• [Exercise data]:
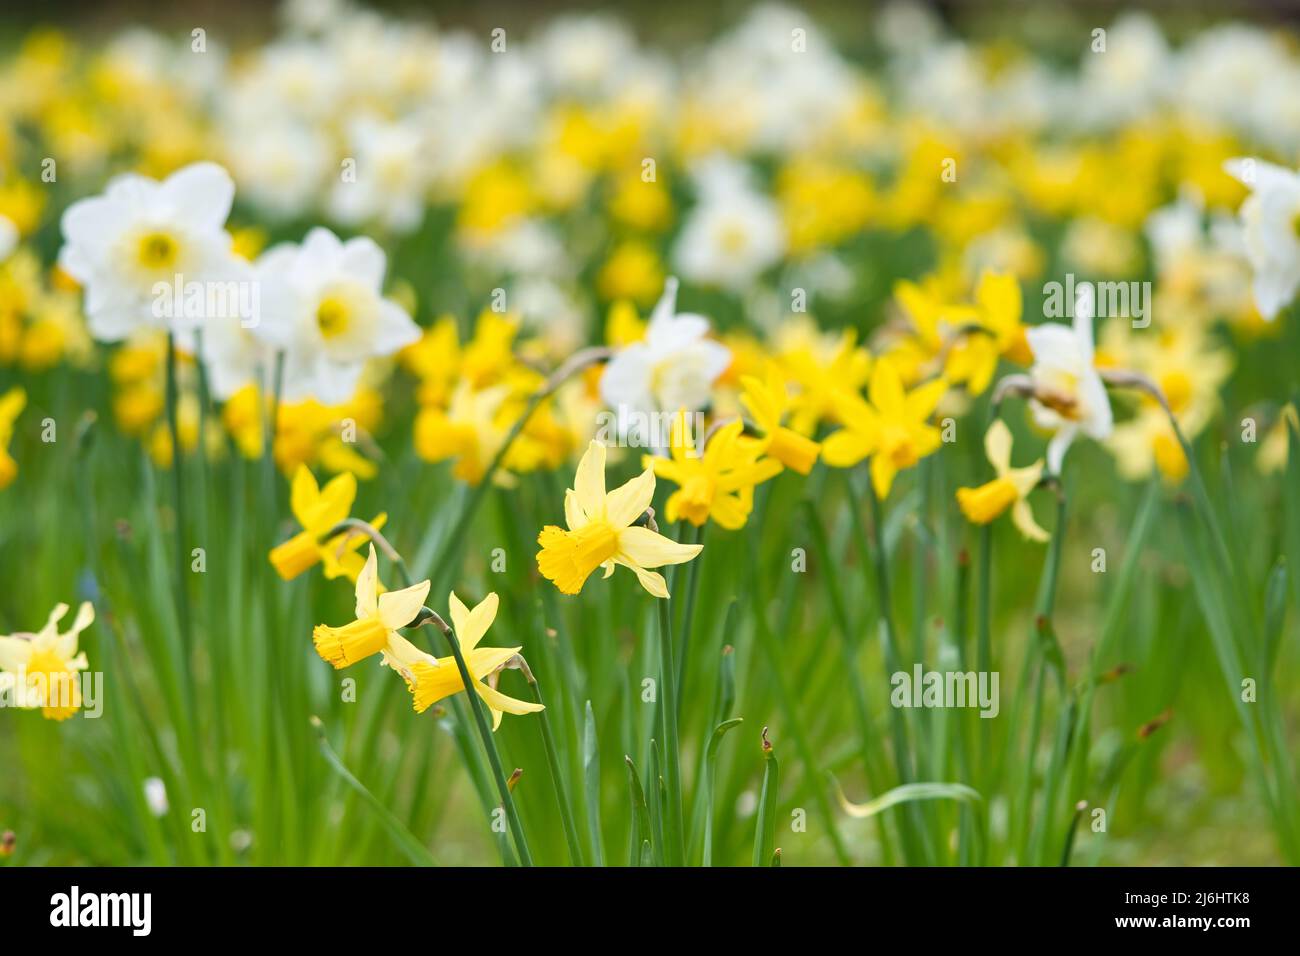 Daffodils at Easter time on a meadow. Yellow white flowers shine against the green grass. Early bloomers that announce the spring. Plants photo Stock Photo
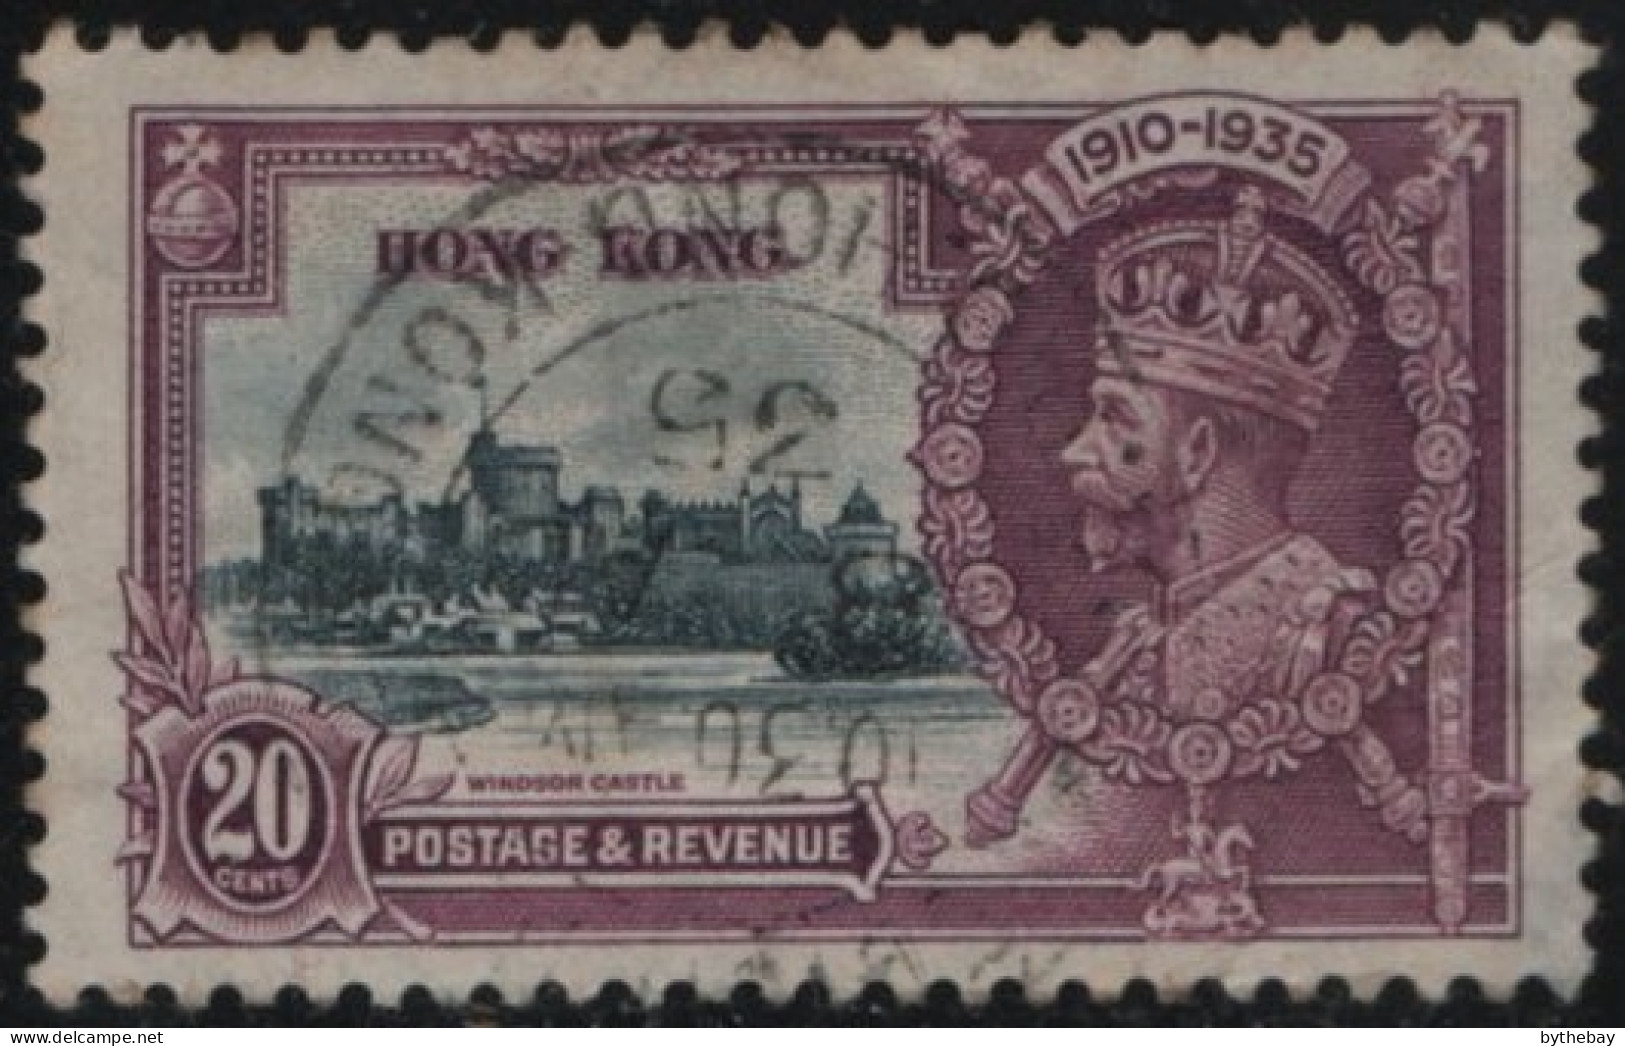 Hong Kong 1935 Used Sc 150 20c GV Silver Jubilee Hinge Remnant - Used Stamps
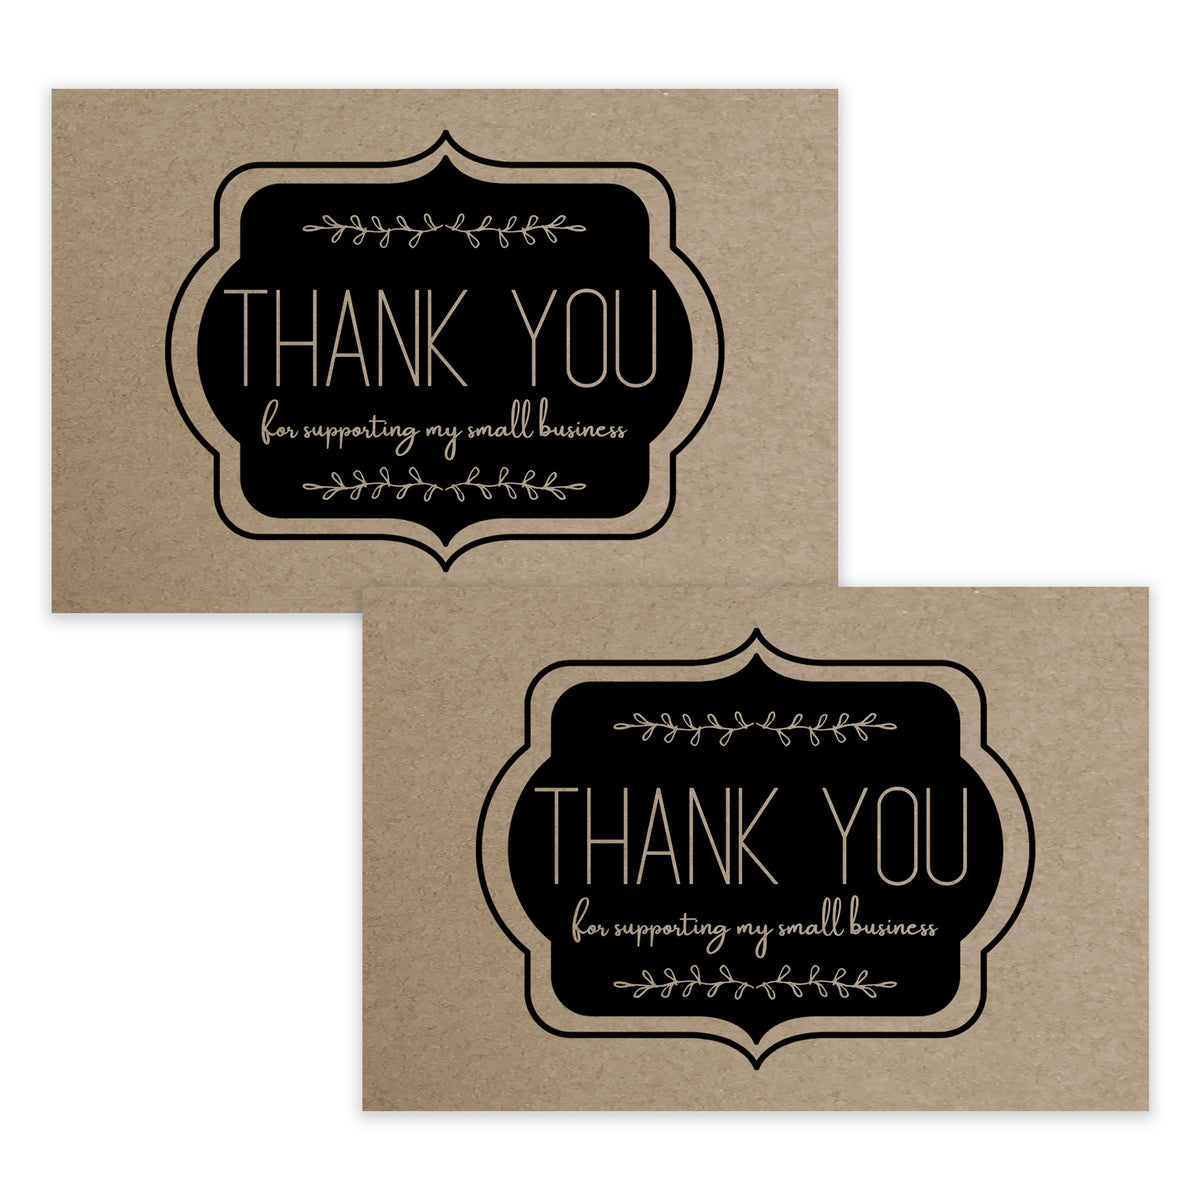 Pre-Printed KRAFT Thank you Cards on 4x6 Discount Card Stock - 50 pack

• [What needs to be done]: Down to the last line, print the material exactly, but not its pictures.

• [Answer box]:
 Daffodils at Easter time on a meadow. Yellow white flowers shine against the green grass. Early bloomers that announce the spring. Plants photo Stock Photo
 Hong Kong 1935 Used Sc 150 20c GV Silver Jubilee Hinge Remnant - Used Stamps
 Pre-Printed KRAFT Thank you Cards on 4x6 Discount Card Stock - 50 pack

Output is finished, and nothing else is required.